I. The Strategic Importance of Unimportance
Is it important that the Supreme Court take on the important policy issues of our times? That the Court has traditionally done so is a commonplace, but whether the commonplace is true depends on how we phrase the question. Asking whether much of what the Supreme Court does is important is very different from asking whether much of what is important is done by the Supreme Court, and without knowing which we are asking, we cannot intelligently evaluate the Court’s case selection process.
The difference between how much of what the Court does is important and how much of what is important the Court does emerges upon even a casual glance at the daily newspapers. Although the Court has in recent years addressed important issues of gun control, campaign finance, burdens on interstate commerce, capital punishment, punitive damages, presidential power, detention of enemy combatants, sexual orientation, and religion in the public sphere, among many others, it has decided no cases determining the authority of a President to commit troops to combat outside of the United States, whether in Afghanistan, Iraq, Kosovo, or anywhere else. Although, of course, the Supreme Court’s structural and procedural decisions will have an indirect impact on the substance of policy, the Court has not directly decided cases involving health care policy, federal bailouts of banks and automobile manufacturers, climate change, the minimum wage, and the optimal rate of immigration. And nothing the Court has decided for years is even in the neighborhood of addressing questions involving mortgage defaults, executive compensation, interest rates, Israel and Palestine, the nuclear capabilities of Iran and North Korea, gasoline prices, and the creation of new jobs.
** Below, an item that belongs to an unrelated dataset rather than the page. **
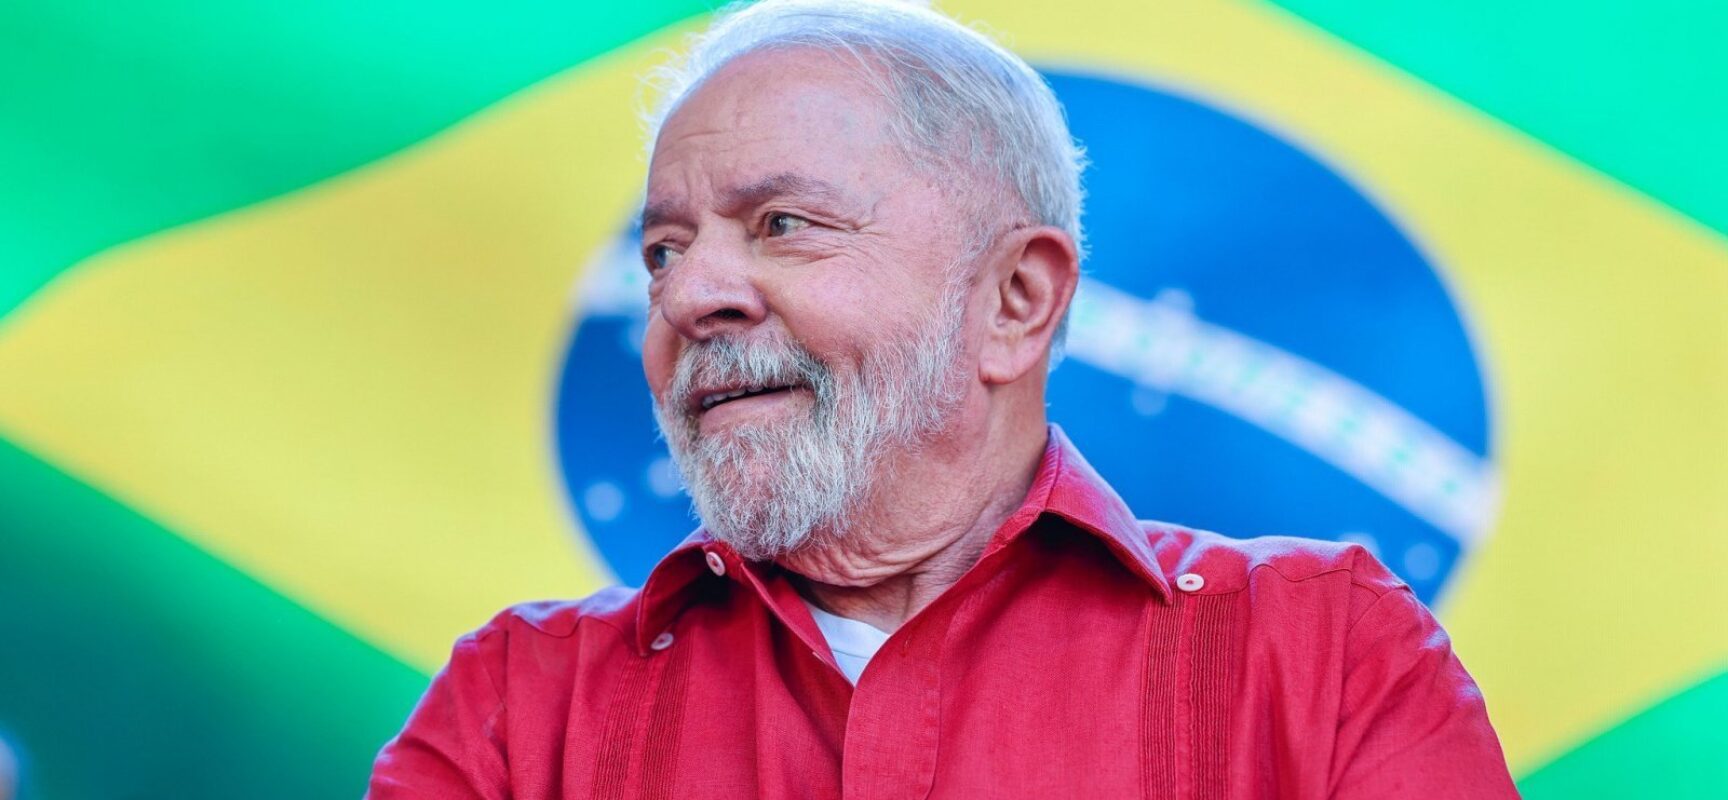 Com maior bloco partidário, Lula deve ter mais tempo de propaganda eleitoral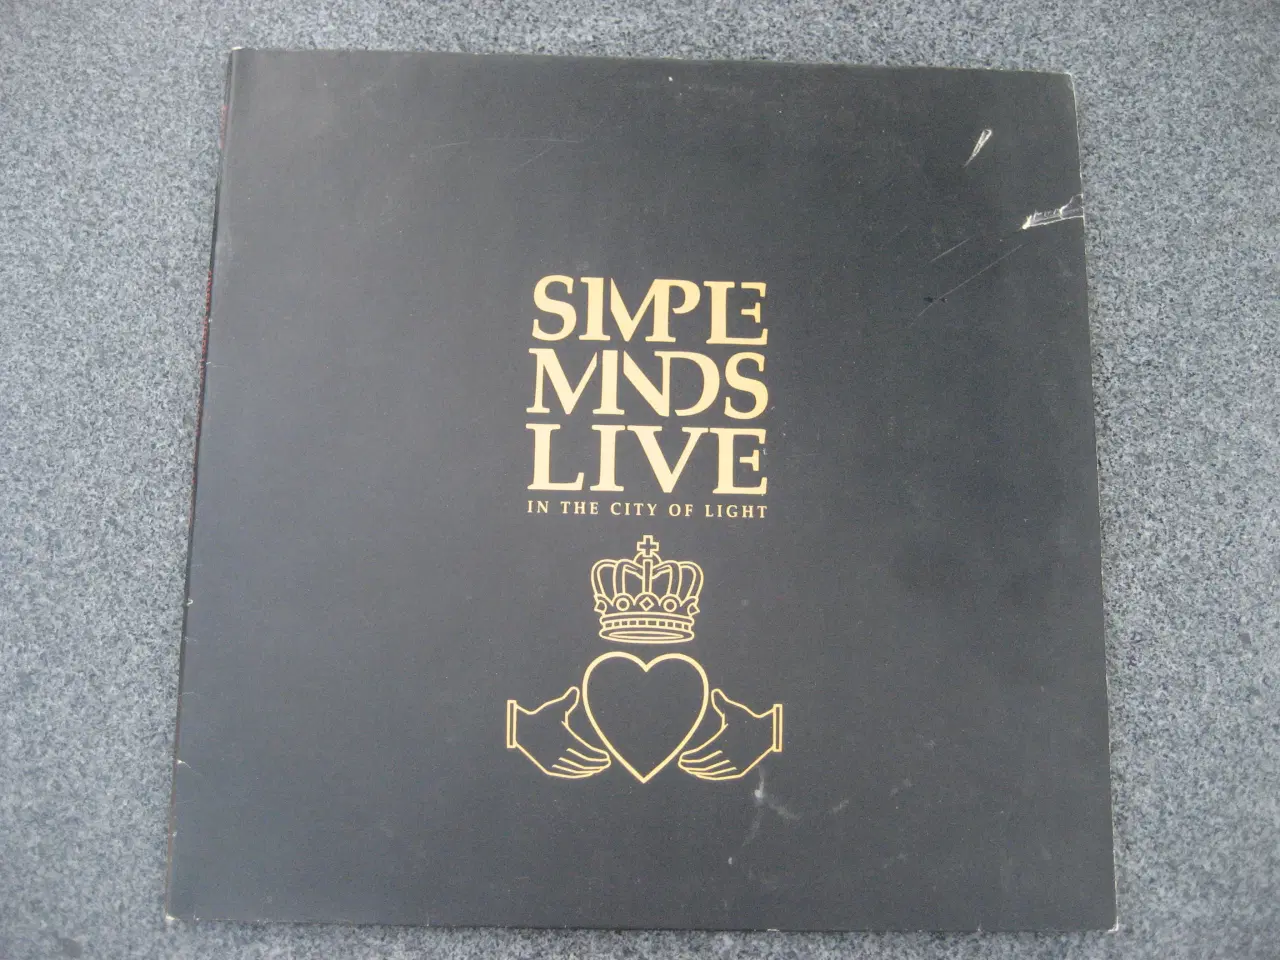 Billede 1 - Dobbelt LP med Simple Minds sælges

This list of issues the Supreme Court has not addressed was not, of course, chosen randomly. Rather, it is a list of the issues that dominate public and political discourse today, a list that might be surprising to some in terms of its distance from what the Supreme Court is actually doing. A few years ago I wrote about this gap between what the public cares about and the issues the Supreme Court engages, and updating the data three years later does not change the general picture. When asked in nonprompted fashion to name the most important issues facing the country, Americans overwhelmingly name health care and the economy first and second, and also identify as among the most important issues the wars in Iraq and Afghanistan, employment/jobs, education, and, more recently, immigration, an array of topics at the top of the “most important issues” poll that has varied little for the past eight years. In the most recent poll, from September 2009, health care was first, the economy second, employment/jobs third, budget/government spending fourth, and immigration fifth, then followed by education, the war, taxes, the environment, Iraq, homeland/domestic security, and regulation of banking and the financial services industry. Indeed, looked at more broadly, the 2009 list resembles those for much of the past three decades. Crime is occasionally more salient, as it was in the mid-1960s and mid-1990s, and the interrelated issues of pensions, retirement, and Social Security have often ranked high, but the most recent lists capture not only the long-standing importance of basic foreign policy and economic issues, but also the persistent nonappearance in the top ten (and usually even in the top twenty) of abortion, sexual orientation, race, gender, religion, free speech, and many of the other issues that represent the most salient part of the Supreme Court’s docket. In September 2009, for example, abortion ranked twenty-fourth, judicial and legal issues twenty-fifth, same sex rights twenty-eighth, crime and violence twenty-ninth, religion thirty-eighth, and gun rights forty-second.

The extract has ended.